What you have to do ▸ In the listing, locate the line containing "Love this built", then quote it and all following lines exactly. Omit pictures.

Data shown ▸
Segment Open

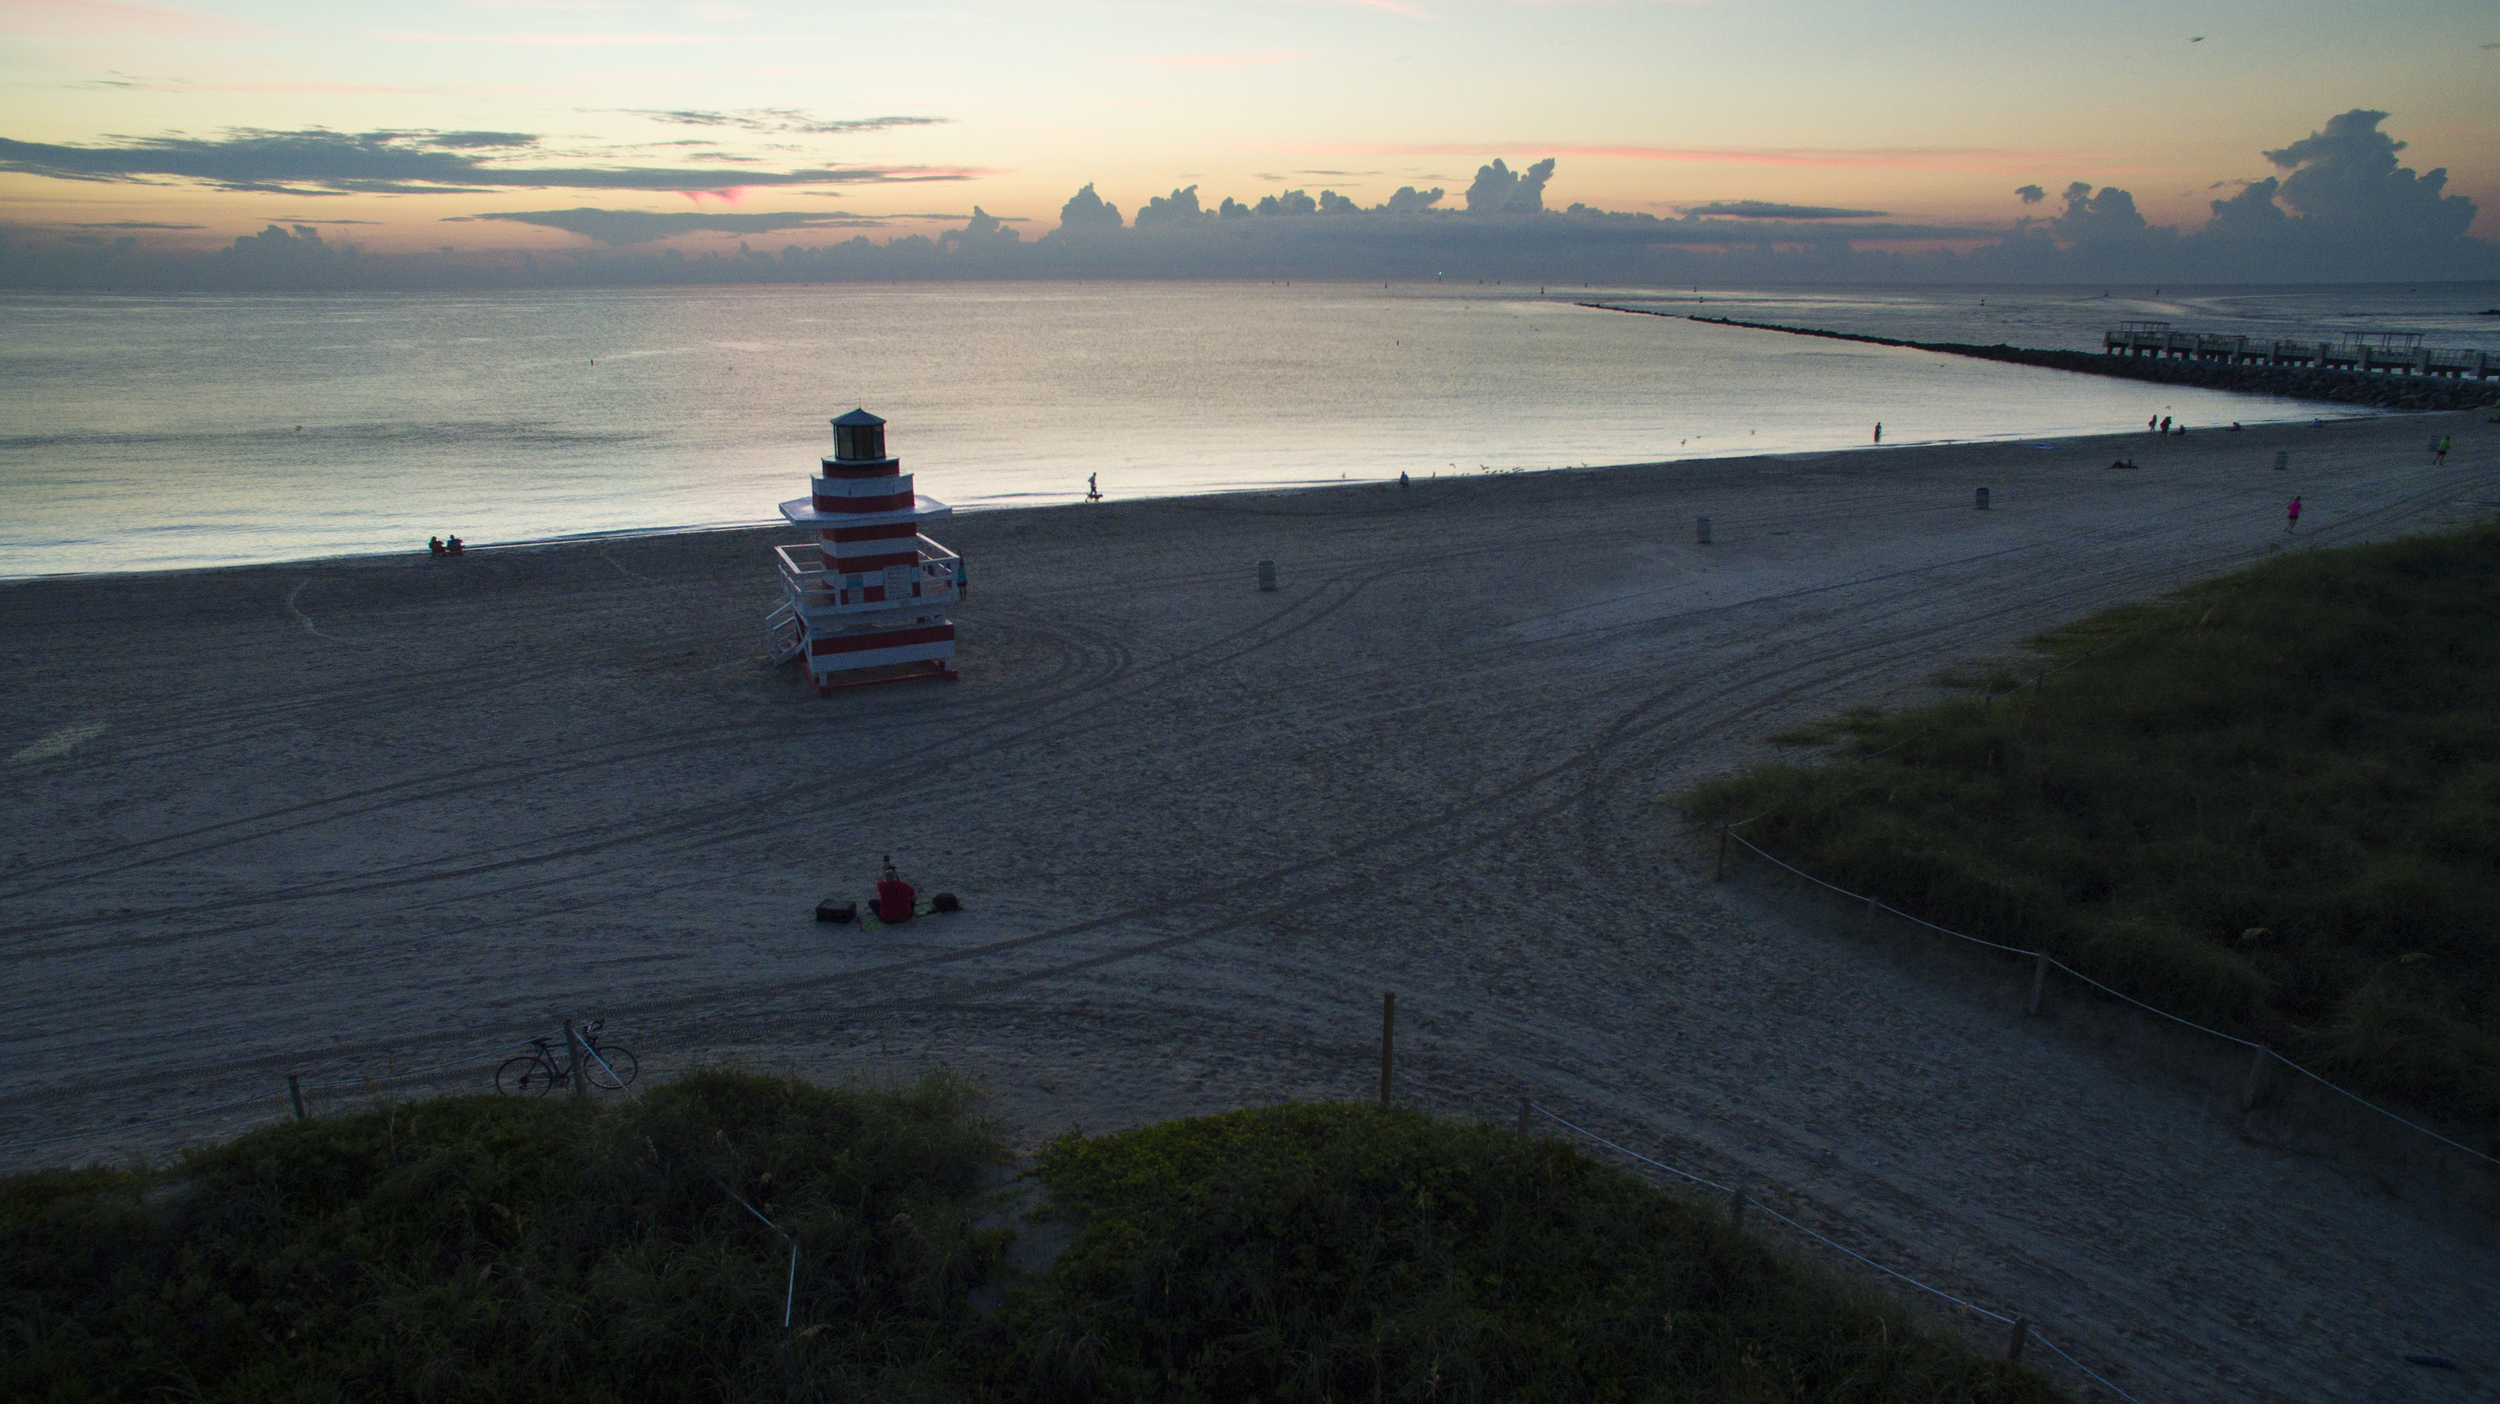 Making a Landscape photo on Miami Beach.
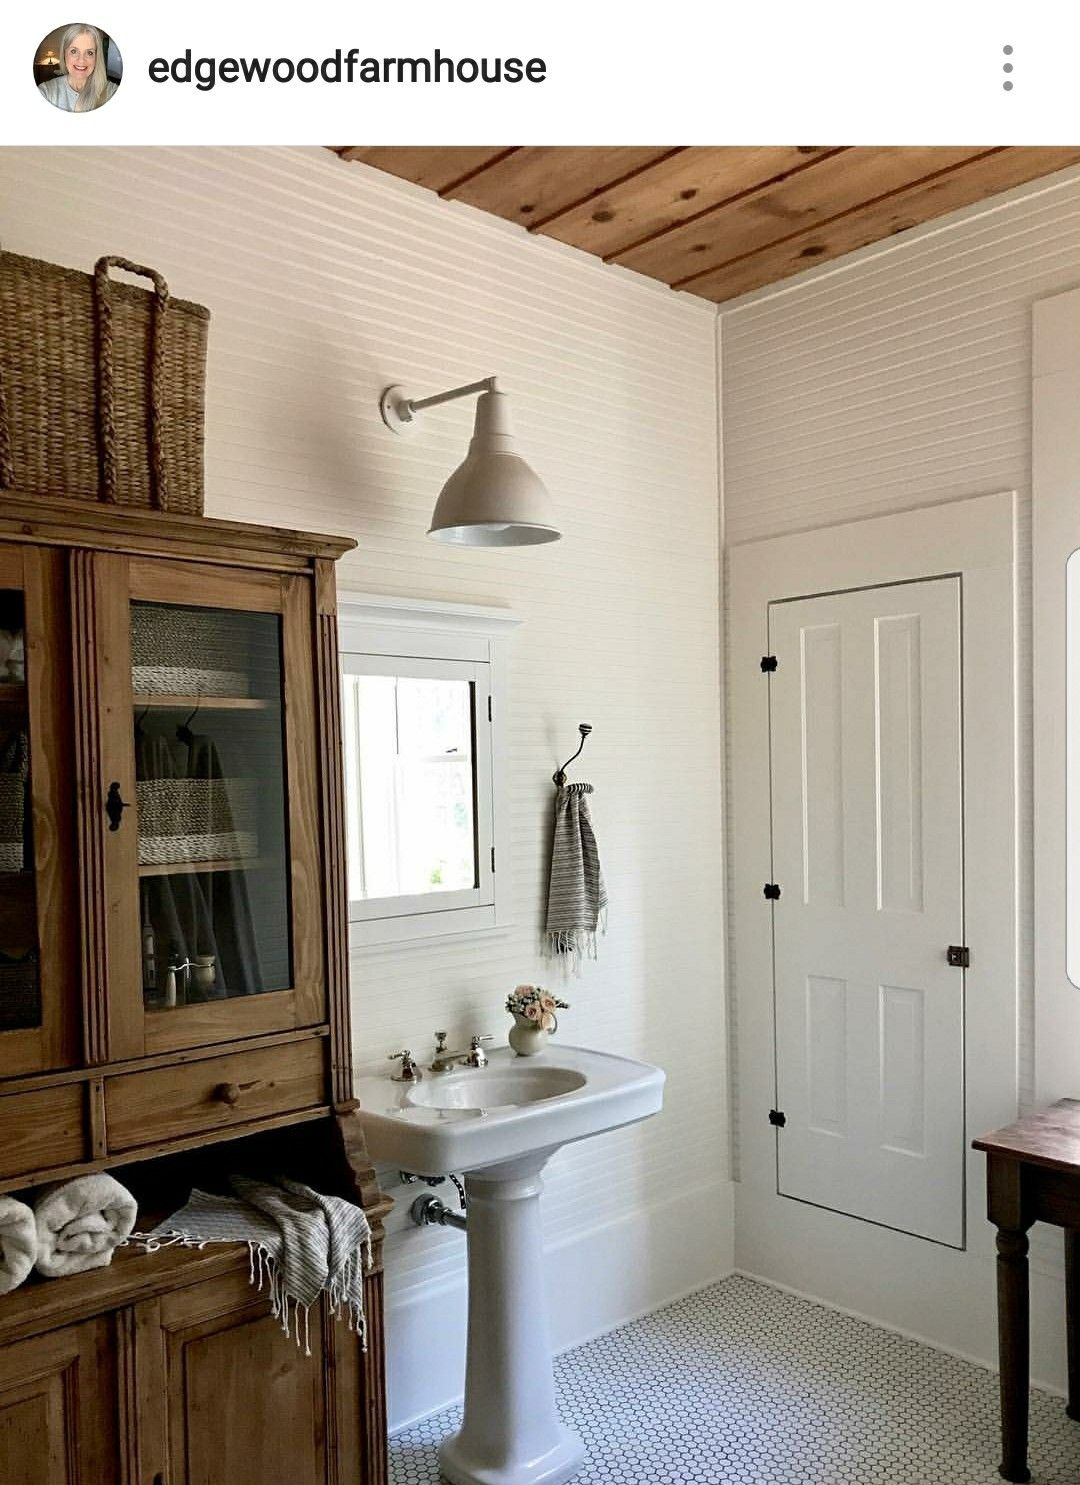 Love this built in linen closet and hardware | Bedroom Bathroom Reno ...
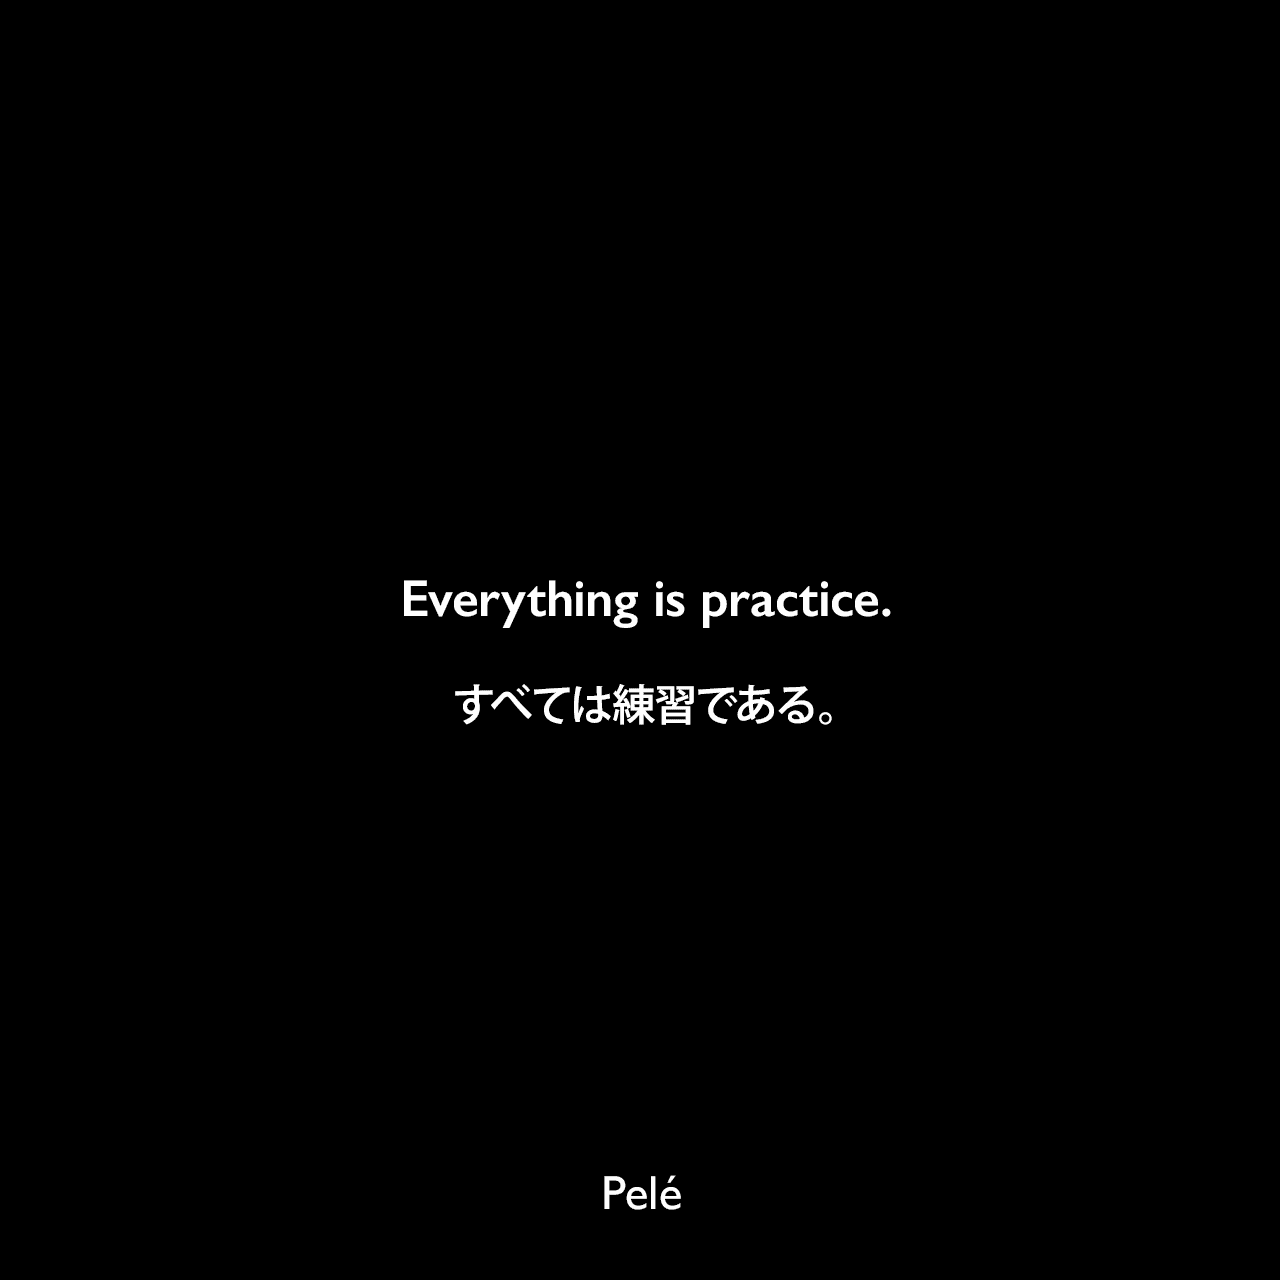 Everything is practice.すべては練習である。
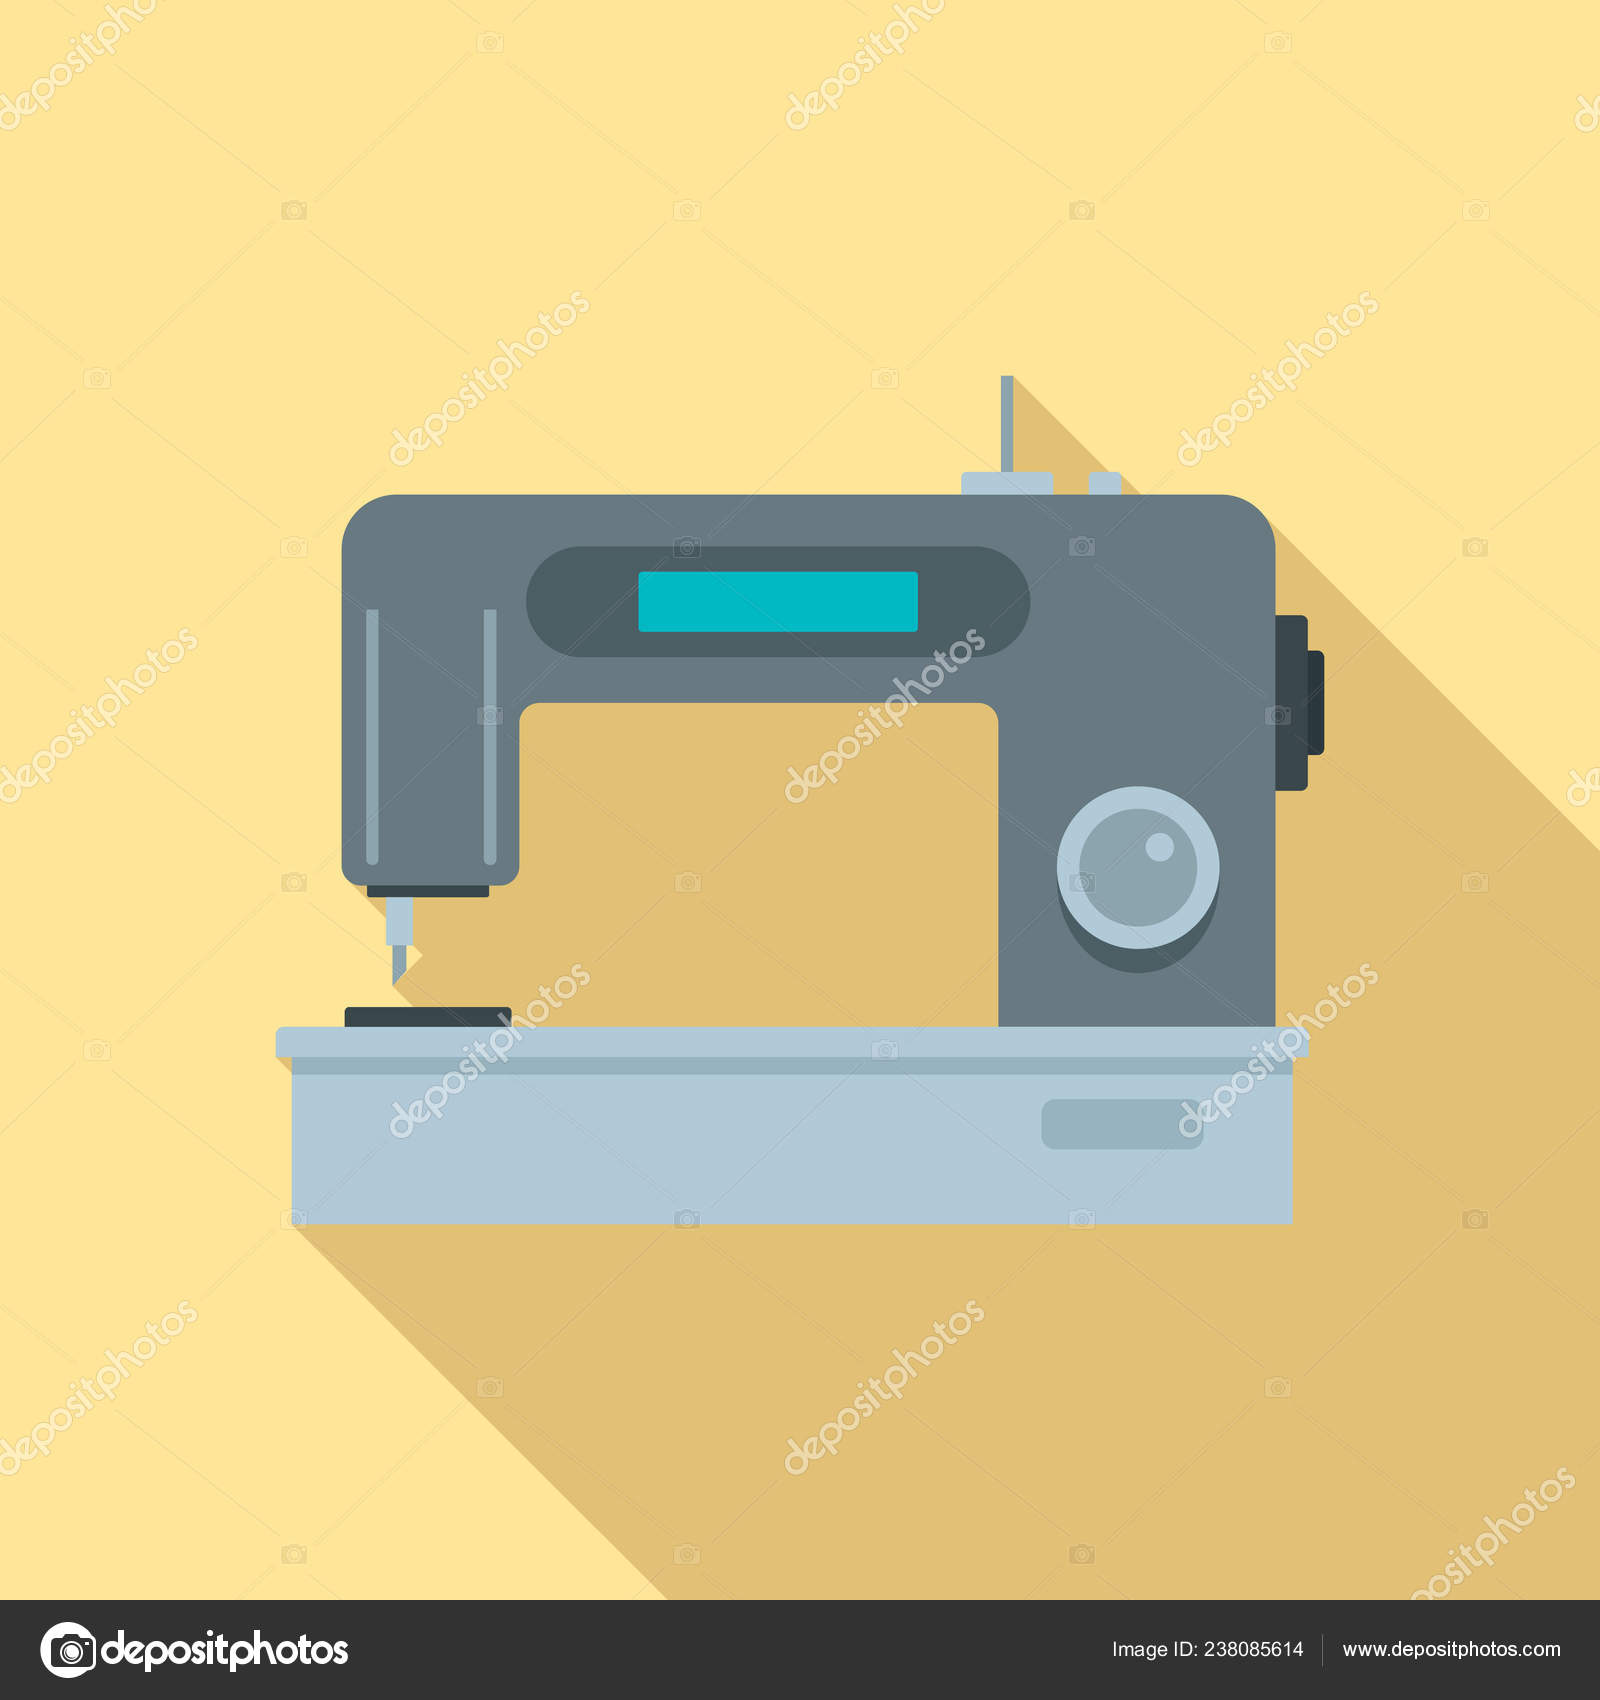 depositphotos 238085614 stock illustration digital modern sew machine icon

Segment Closed

Task answer ▸
 Love this built in linen closet and hardware | Bedroom Bathroom Reno ...
 Everything is practice.すべては練習である。
 depositphotos 238085614 stock illustration digital modern sew machine icon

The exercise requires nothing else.